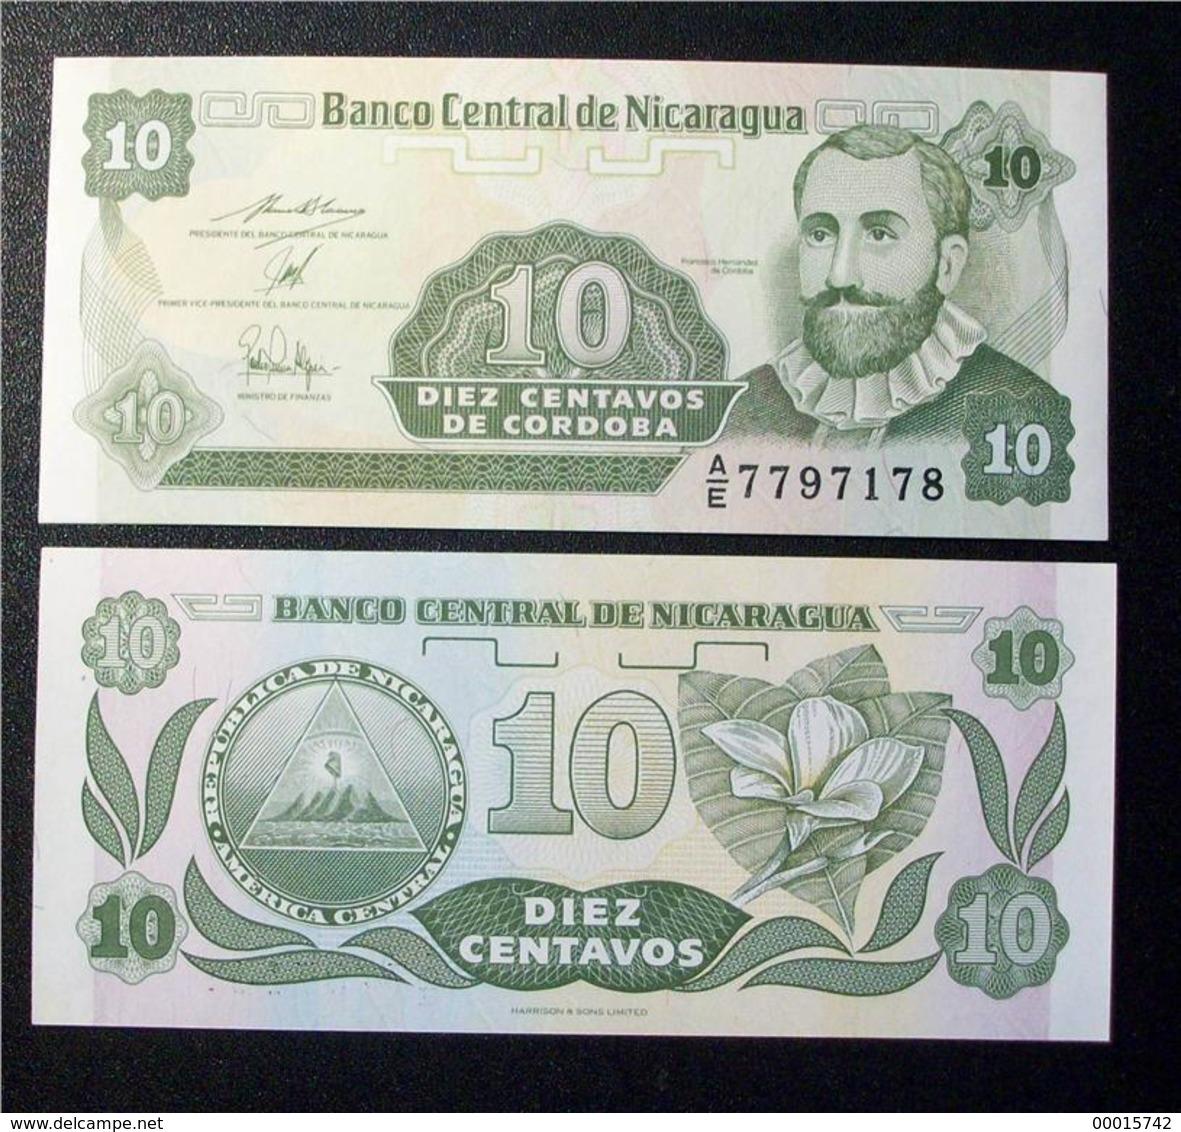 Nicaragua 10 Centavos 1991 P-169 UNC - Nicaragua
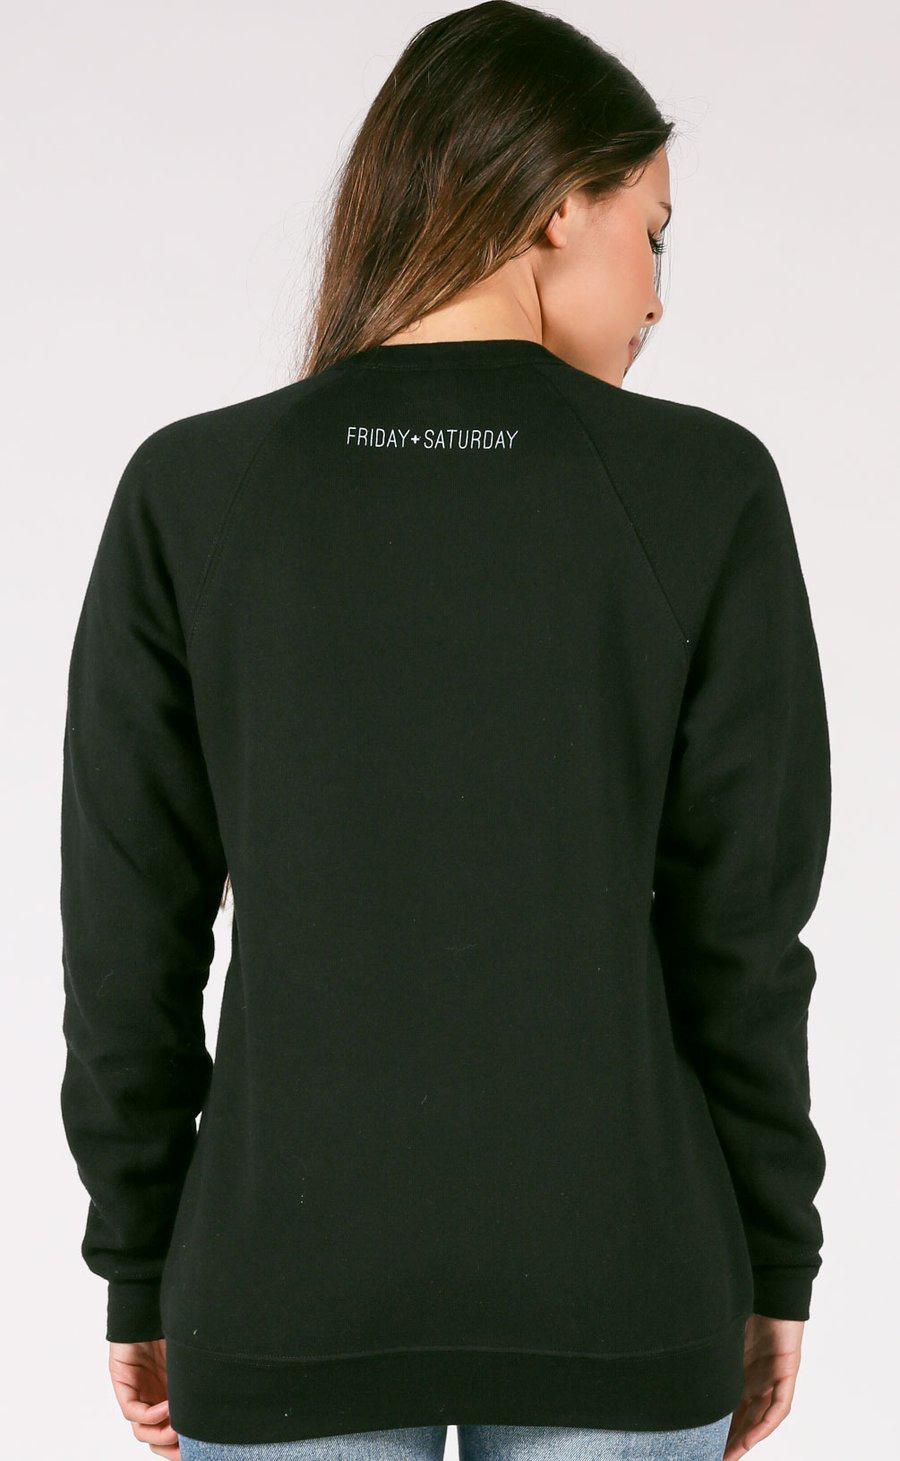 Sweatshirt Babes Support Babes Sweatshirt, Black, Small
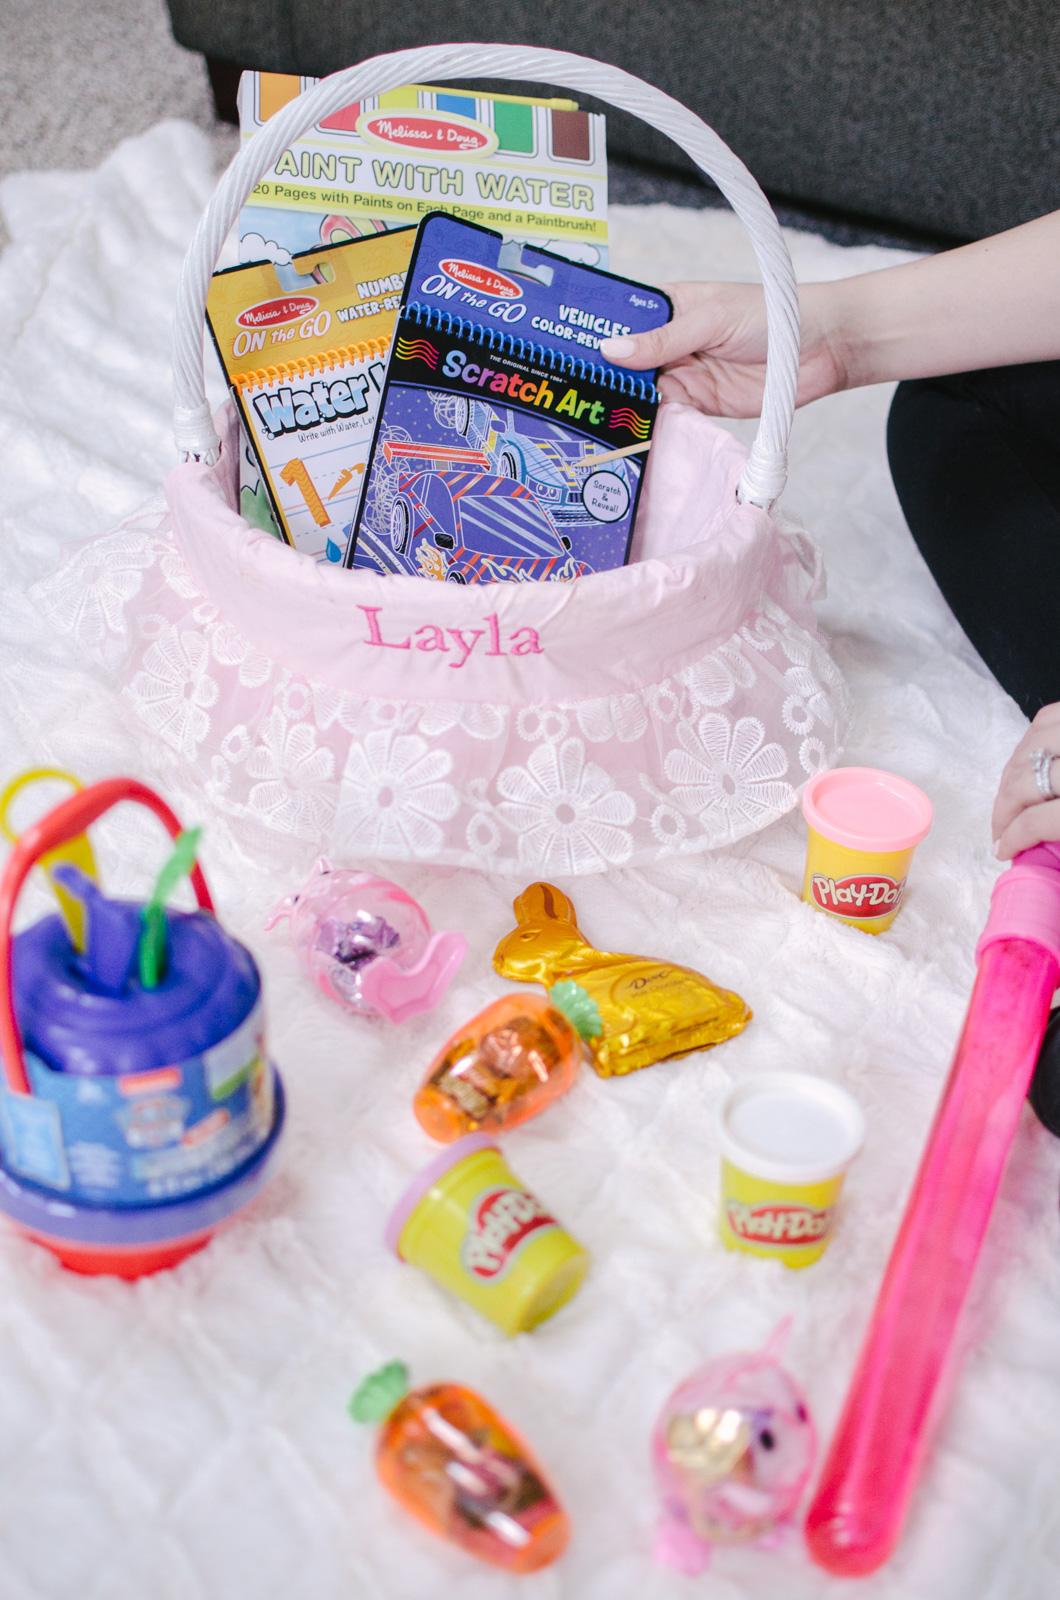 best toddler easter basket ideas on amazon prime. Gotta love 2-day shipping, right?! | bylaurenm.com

● EXERCISE REQUIREMENTS: Could you print the data exactly as it appears and keep the pictures out?

● TASK SOLUTION:
 Nicaragua 10 Centavos 1991 P-169 UNC - Nicaragua
 Sweatshirt Babes Support Babes Sweatshirt, Black, Small
 best toddler easter basket ideas on amazon prime. Gotta love 2-day shipping, right?! | bylaurenm.com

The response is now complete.